Mol Biol Rep. 2013 Dec;40(12):6587-91. doi: 10.1007/s11033-013-2771-4. Epub 2013 Sep 26.
Thioredoxin (Trx) is a highly conserved and multi-functional protein that plays a pivotal role in maintaining the redox state of the cell and in protecting the cell against oxidative stress. Trx gene from Antarctic sea-ice bacteria Pseudoalteromonas sp. AN178 was cloned and expressed as soluble protein in Escherichia coli (designated as PsTrx). Trx gene consisted of an open reading frame of 324-bp nucleotides encoding a protein of 108 amino acids with a calculated molecular mass of 11.88 kDa. The deduced protein included the conserved Cys-Gly-Pro-Cys active-site sequence. After purification by a single step Ni-NTA affinity chromatography, recombinant PsTrx with a high specific activity of 96.67 U/mg was obtained. The purified PsTrx had an optimal temperature and pH of 25 °C and 7.0, respectively, and showed about 55 % of the residual catalytic activity even at 0-10 °C. It had high tolerance to a wide range of NaCl concentrations (0-2 M NaCl) and was stable in the presence of H2O2. This research suggested that PsTrx displayed unique catalytic properties.

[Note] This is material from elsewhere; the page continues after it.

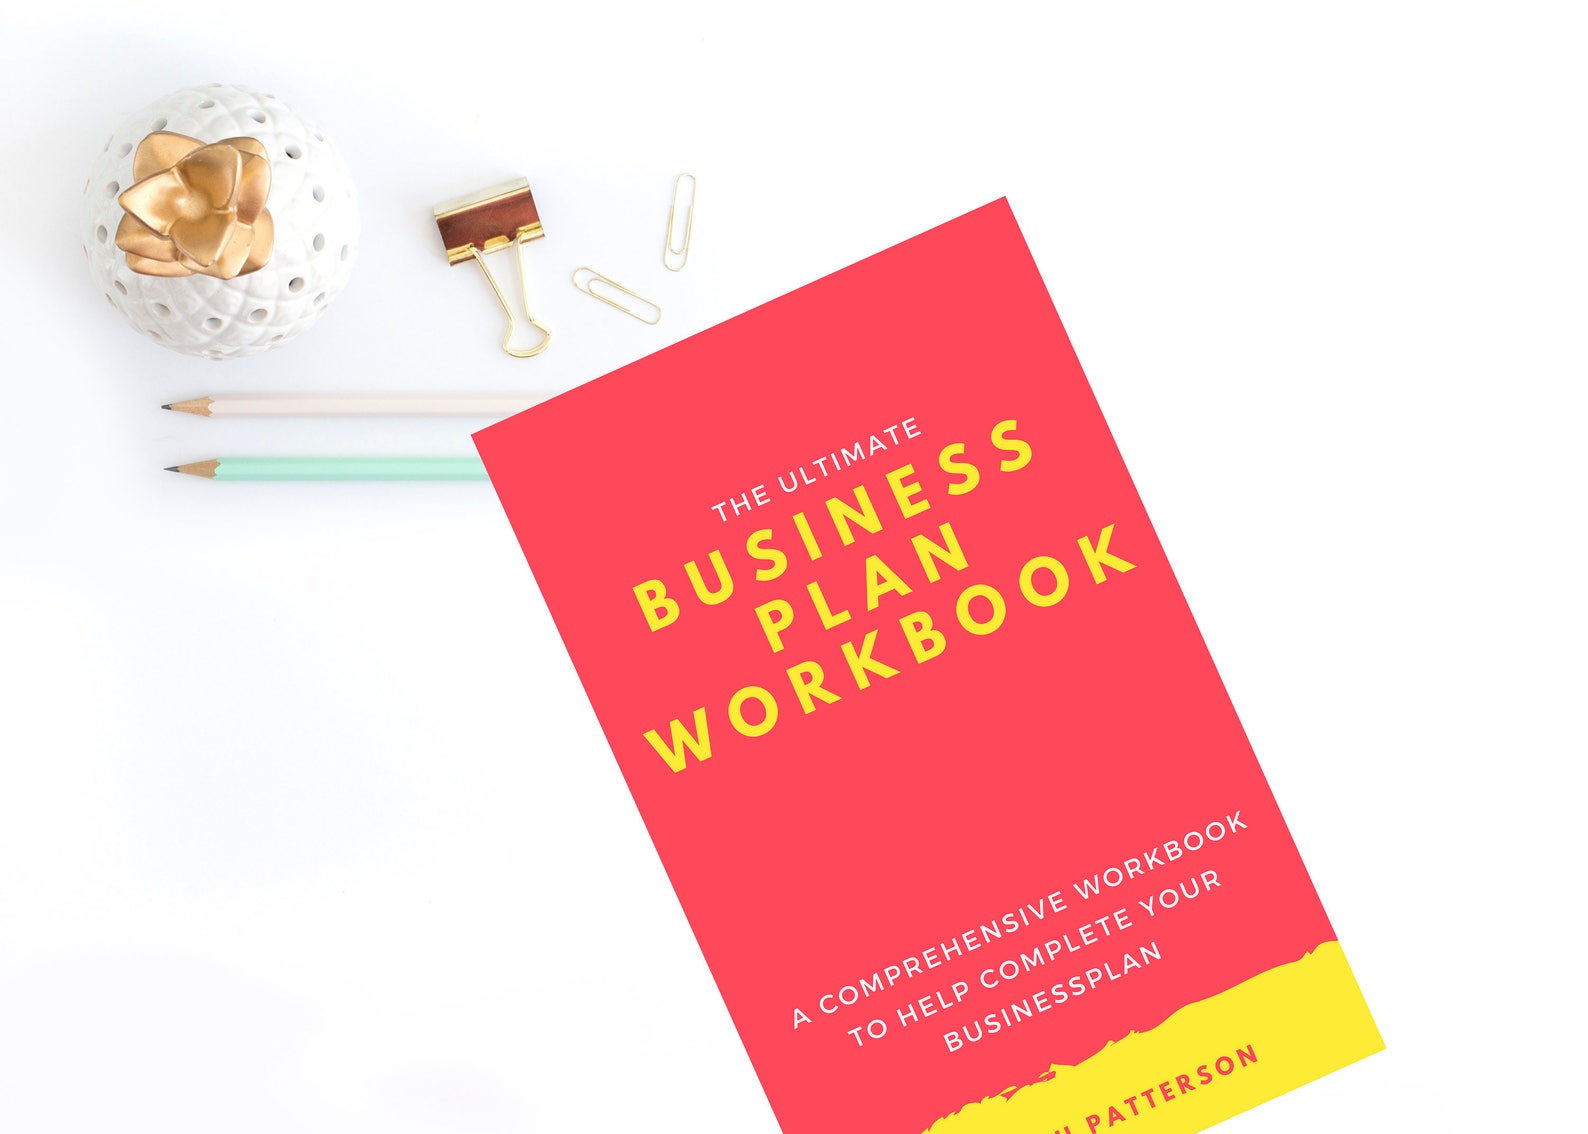 best business plan workbook

硫氧还蛋白(Trx)是一种高度保守且多功能的蛋白质,在维持细胞的氧化还原状态和保护细胞免受氧化应激方面起着关键作用。来自南极海冰细菌假交替单胞菌 AN178 的 Trx 基因被克隆并在大肠杆菌中表达为可溶性蛋白(命名为 PsTrx)。Trx 基因由一个 324 个核苷酸的开放阅读框编码,该基因编码一个由 108 个氨基酸组成的蛋白质,分子量为 11.88 kDa。推导的蛋白质包括保守的 Cys-Gly-Pro-Cys 活性位点序列。通过一步 Ni-NTA 亲和层析纯化后,获得了具有 96.67 U/mg 高比活性的重组 PsTrx。纯化的 PsTrx 的最适温度和 pH 值分别为 25°C 和 7.0,即使在 0-10°C 下,其残余催化活性仍约为 55%。它对广泛的 NaCl 浓度(0-2 M NaCl)具有高耐受性,并且在存在 H2O2 的情况下稳定。这项研究表明 PsTrx 表现出独特的催化特性。